Женька быстро прячет ладони в карманы широкой белой толстовки и прижимается лбом к холодному стеклу. Окно сразу же покрывается пленкой бледного тумана от горячего дыхания. После пламенной речи у нее горят щеки, и жар расходится по телу болезненными волнами, ощутимо заполняя организм бессилием и усталостью.

– Знаешь, Васнецова, я тоже не на курорте был… – отправляет окурок в хрустальную пепельницу. По-мазохистски прокручивает в голове ее слова снова и снова. К горлу подступает неприятная горечь. Он же не знал… Она не говорила ничего, даже злилась, когда он пытался ее расспросить об ее зарубежной жизни.

А ты сам, дурак, будто не догадывался, что ей плохо в чужой стране.

– Тебе чай или кофе сделать?

Она неопределенно пожимает плечами. Ей ничего не хочется. Вот уже полтора года она не может понять, что же такое важное надломилось в ней, какая ниточка оборвалась, вычеркнув напрочь всю жизненную определенность. Будто когда-то был целостный кубик, но, по нелепой случайности, он разлетелся на множество маленьких частиц. Конечно, его попытались склеить обратно, но вышло так себе. От первоначального варианта, по удивительному стечению обстоятельств, осталась красивая оболочка, но внутри все было разбито.
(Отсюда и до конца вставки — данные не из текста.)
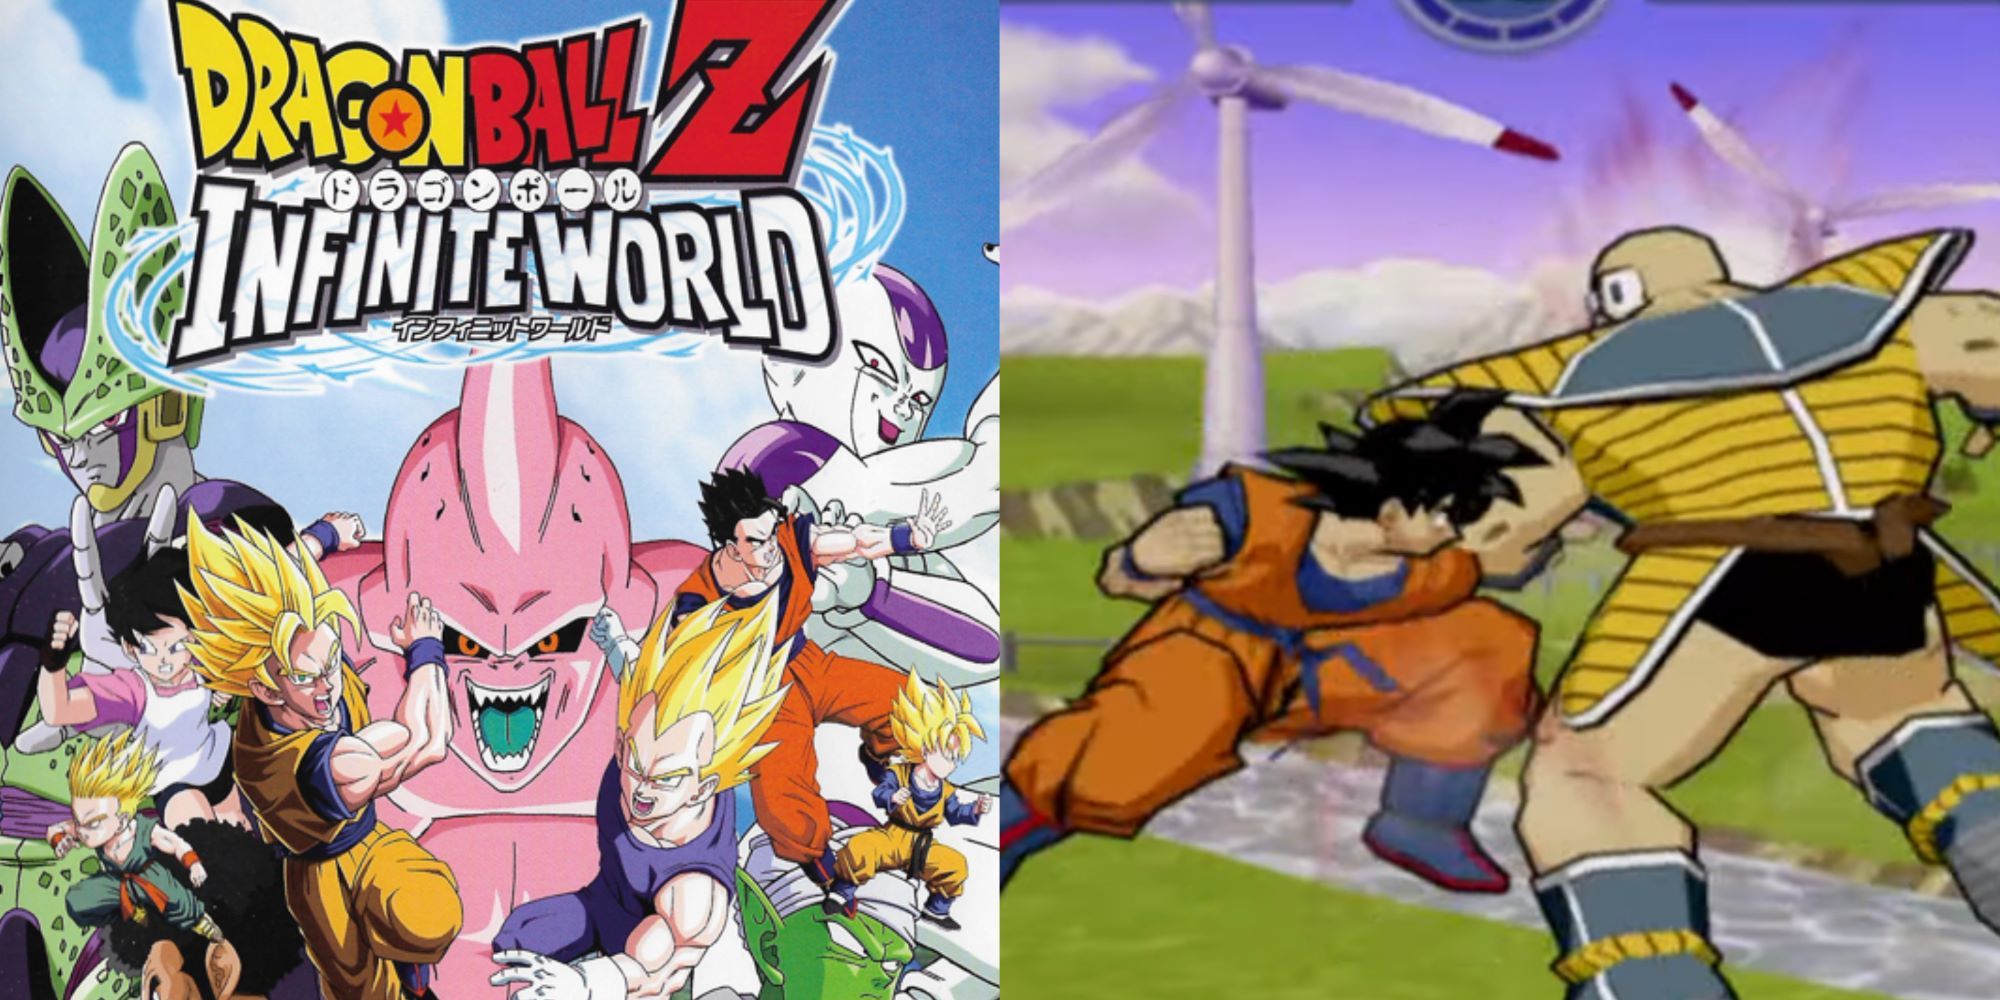 dbz infinite world coverwith heroes and villaiins and goku fighting nappa gameplay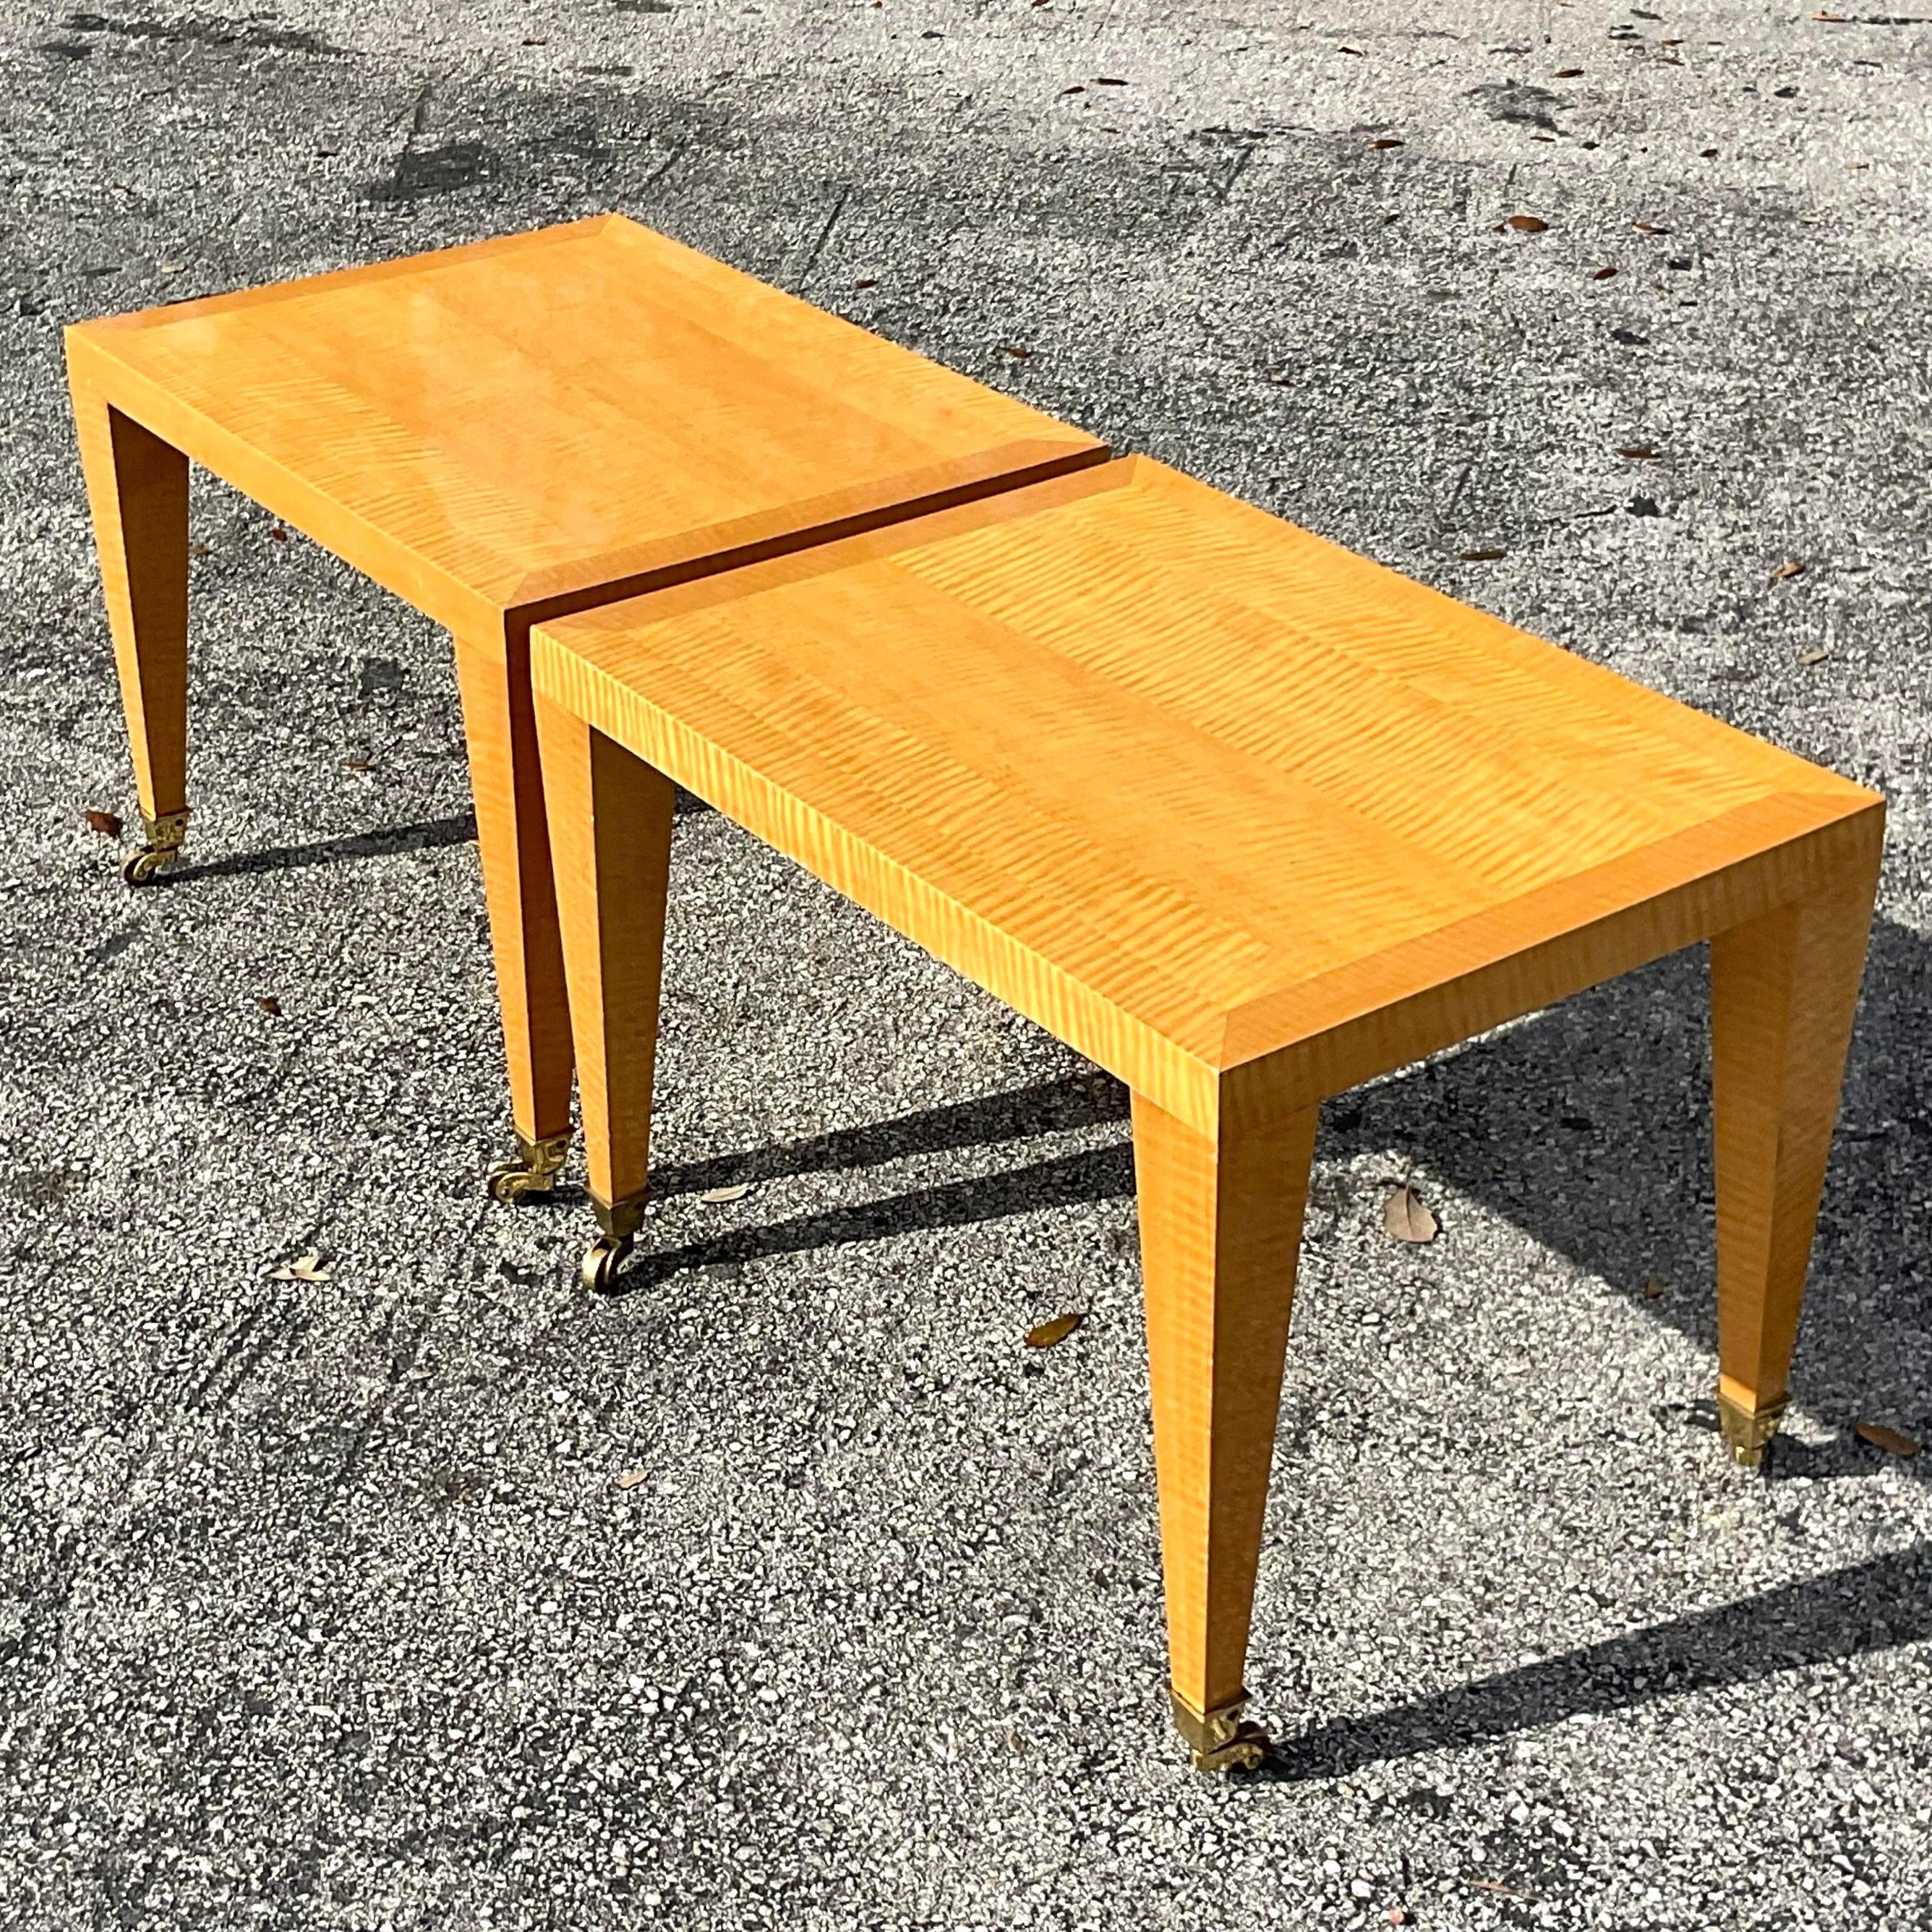 Late 20th Century Vintage Post Modern Burl Blonde Wood Side Tables - A Pair In Good Condition For Sale In west palm beach, FL

Денис подходит к кухонным полкам и достает запечатанную пачку черного чая с бергамотом. Однажды, совершенно случайно, закинул его в корзину с продуктами, не подумав, что без Женьки его пить никогда не будет. Лишь потом сообразил и теперь держал упаковку на кухне «на всякий случай». Даже не думал, что когда-нибудь пригодится. Положил по пакетику в две одинаково пузатые кружки и залил кипятком. Оставалось только ждать.

Васнецова по-прежнему глядела в окно, выходящее во двор. Снег сошел лишь местами, показывая то тут, то там кусочки асфальтированных дорожек, но в целом – все было печально. Серое небо, голые деревья, одинокая детская площадка перед домом. Март был унылым, и настроение соответствующим.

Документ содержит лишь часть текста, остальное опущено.